In some implementations, one or more sensors may be positioned in a wellbore to obtain measurements while an offset well is being hydraulically fractured. For example, the wellbore 902 may include a fiber optic cable 920 to obtain strain measurements, temperature measurements, derived pressure measurements (from strain measurements), etc. of the subsurface formation 901 while the wellbore 908 is being hydraulically fractured. The fiber optic cable 920 may extend from the wellhead 914 on the surface 911 to the subsurface along the wellbore 902. The fiber optic cable 920 may be cemented in place in the annular space between the casing 906 of the wellbores 902 and the subsurface formation 901. The fiber optic cable 920 may be clamped to the outside of the casing 906 during deployment and protected by centralizers and cross coupling clamps. The fiber optic cables 920 may be included with coiled tubing, wireline, loose fiber using coiled tubing, or gravity deployed fiber coils that unwind the fiber as the coils are moved in the wellbore 902. The fiber optic cable 920 also may be deployed with pumped down coils and/or self-propelled containers. Additional deployment options for the fiber optic cable 920 may include coil tubing and wireline deployed coils where the fiber optic cables 920 are anchored at the toe of the wellbore. In such implementations the fiber optic cable 920 may be deployed when the wireline or coiled tubing is removed from the well. The fiber optic cable 920 may house one or more optical fibers, and the optical fibers may be single mode fibers, multi-mode fibers, or a combination of single mode and multi-mode optical fibers. The distribution of sensors shown in FIG. 9 is for example purposes only. Any suitable sensor deployment may be used.

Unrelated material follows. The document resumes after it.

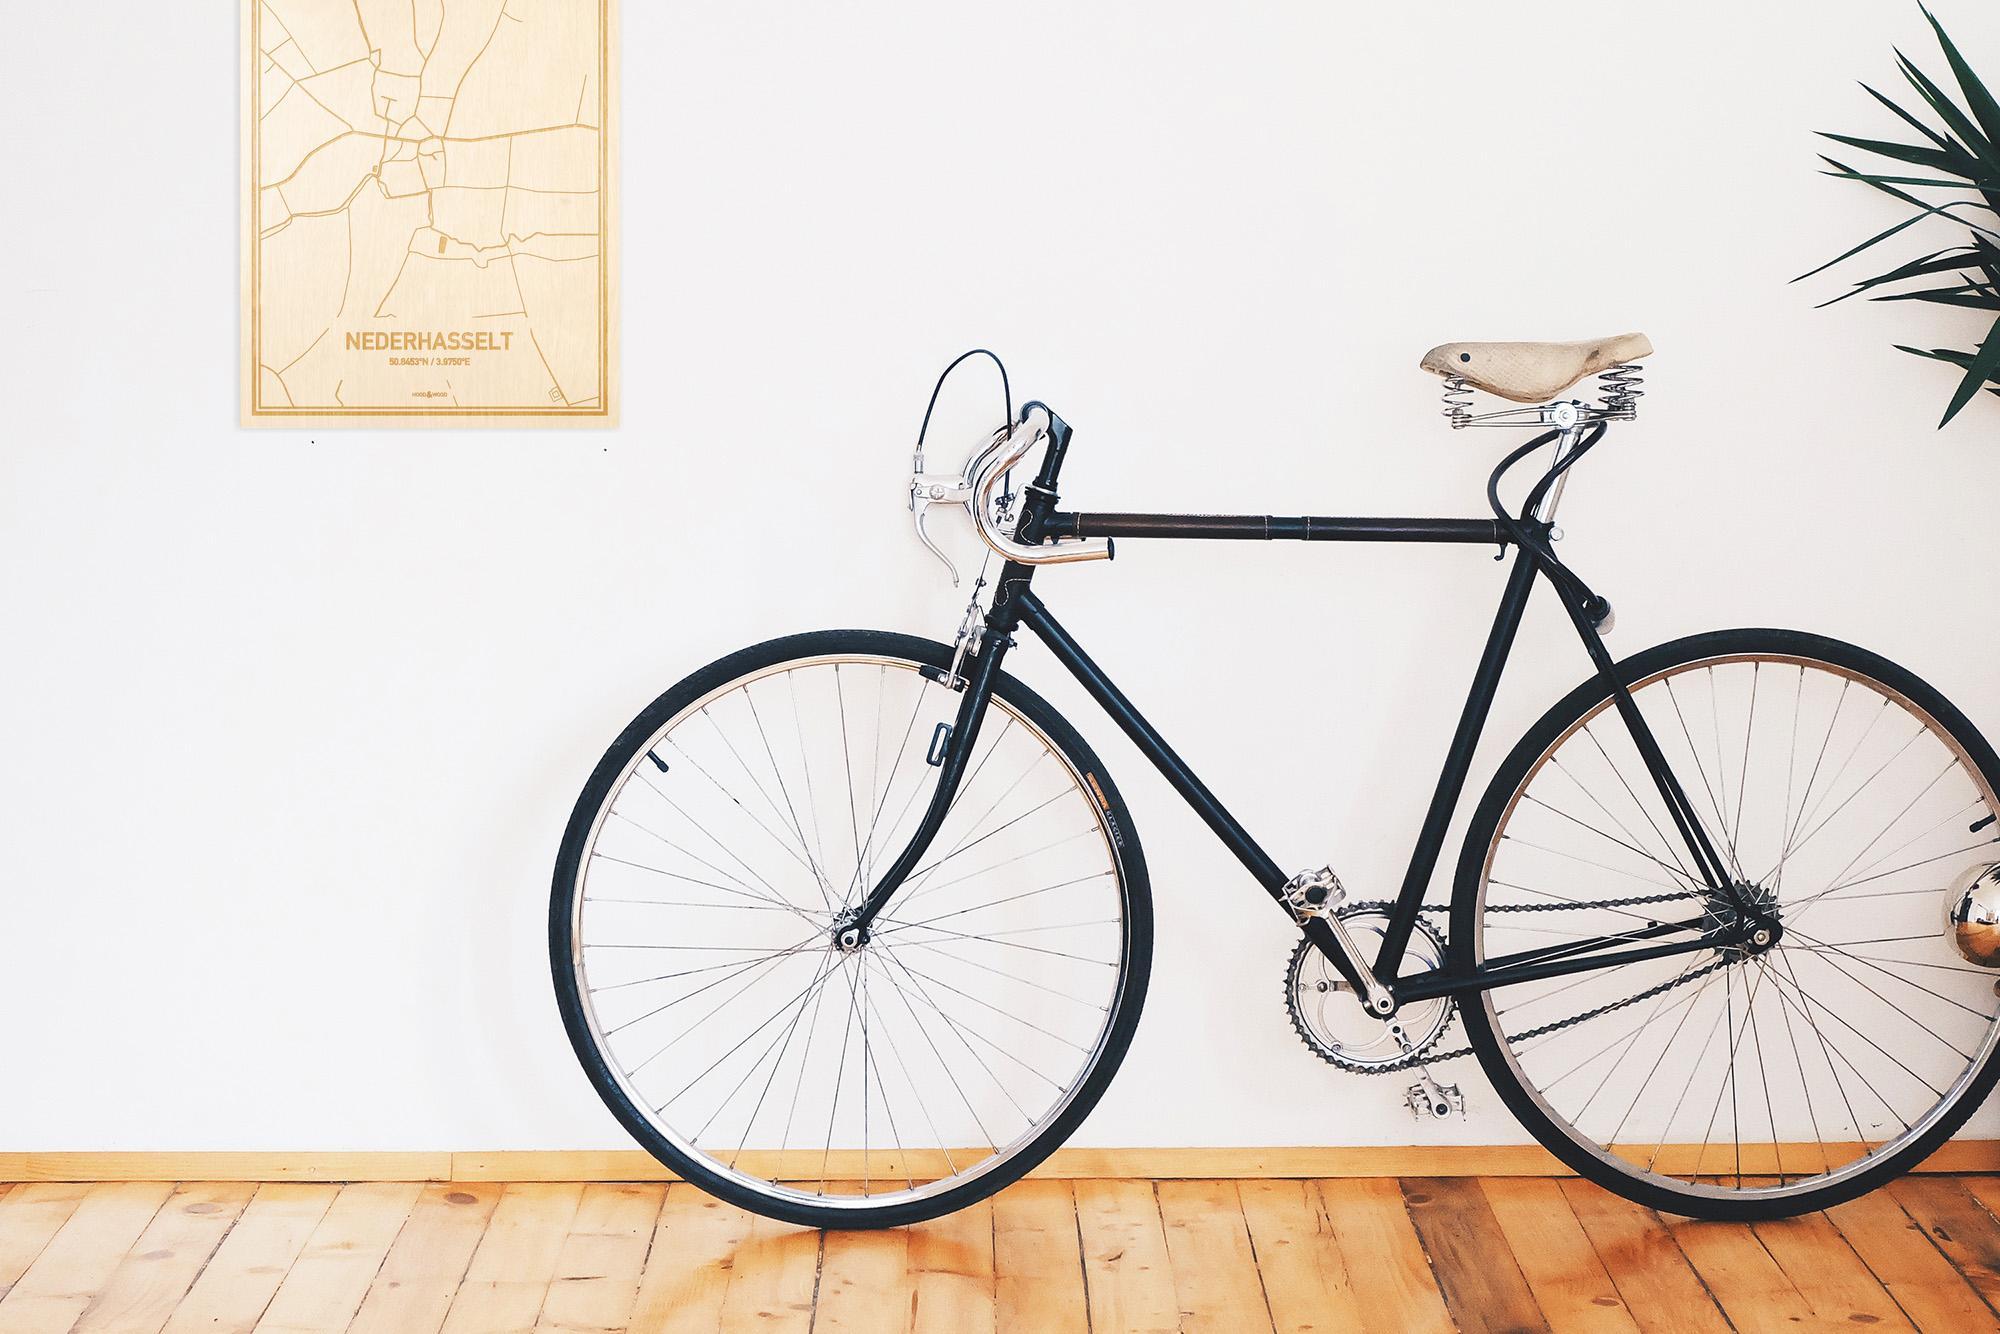 Een snelle fiets in een uniek interieur in Oost-Vlaanderen  met mooie decoratie zoals de plattegrond Nederhasselt.

The fiber optic cable 920 may be used for distributed sensing where acoustic, vibration, strain, and temperature measurements may be collected downhole in the wellbores 902. The measurements may be collected at various positions distributed along the fiber optic cable 920. For example, data may be collected every 1-3 ft along the full length of the fiber optic cable 920 downhole along the horizontal section of the wellbore. Fiber optic interrogation unit 922 of the wellbore 902 may be located on the surface 911 of the multi-well system 900. The fiber optic interrogation units 922 may be directly coupled to the fiber optic cables 920. Alternatively, the fiber optic interrogation units 922 may be coupled to a fiber stretcher module, wherein the fiber stretcher module is coupled to the fiber optic cable 920. The fiber optic interrogation unit 922 may receive measurement values taken and/or transmitted along the length of the fiber optic cable 920 such as acoustic, temperature, strain, etc. The fiber optic interrogation unit 922 may be electrically connected to a digitizer to convert optically transmitted measurements into digitized measurements.
The fiber optic interrogation unit 922 may operate using various sensing principles including but not limited to amplitude-based sensing systems like DTS, DAS, Low Frequency Distributed Acoustic Sensing (LFDAS), Distributed Vibration Sensing (DVS), and Distributed Strain Sensing (DSS). For example, the DTS system may be based on Raman and/or Brillouin scattering. A DAS system may be a phase sensing-based system based on interferometric sensing using homodyne or heterodyne techniques where the system may sense phase or intensity changes due to constructive or destructive interference. The DAS system may also be based on Rayleigh scattering and in particular coherent Rayleigh scattering. A DSS system may be a strain sensing system using dynamic strain measurements based on interferometric sensors or static strain sensing measurements using Brillouin scattering. DAS systems based on Rayleigh scattering may also be used to detect dynamic strain events. Temperature effects may in some cases be subtracted from both static and/or dynamic strain events, and temperature profiles may be measured using Raman based systems and/or Brillouin based systems capable of differentiating between strain and temperature, and/or any other optical and/or electronic temperature sensors, and/or any other optical and/or electronic temperature sensors, and/or estimated thermal events.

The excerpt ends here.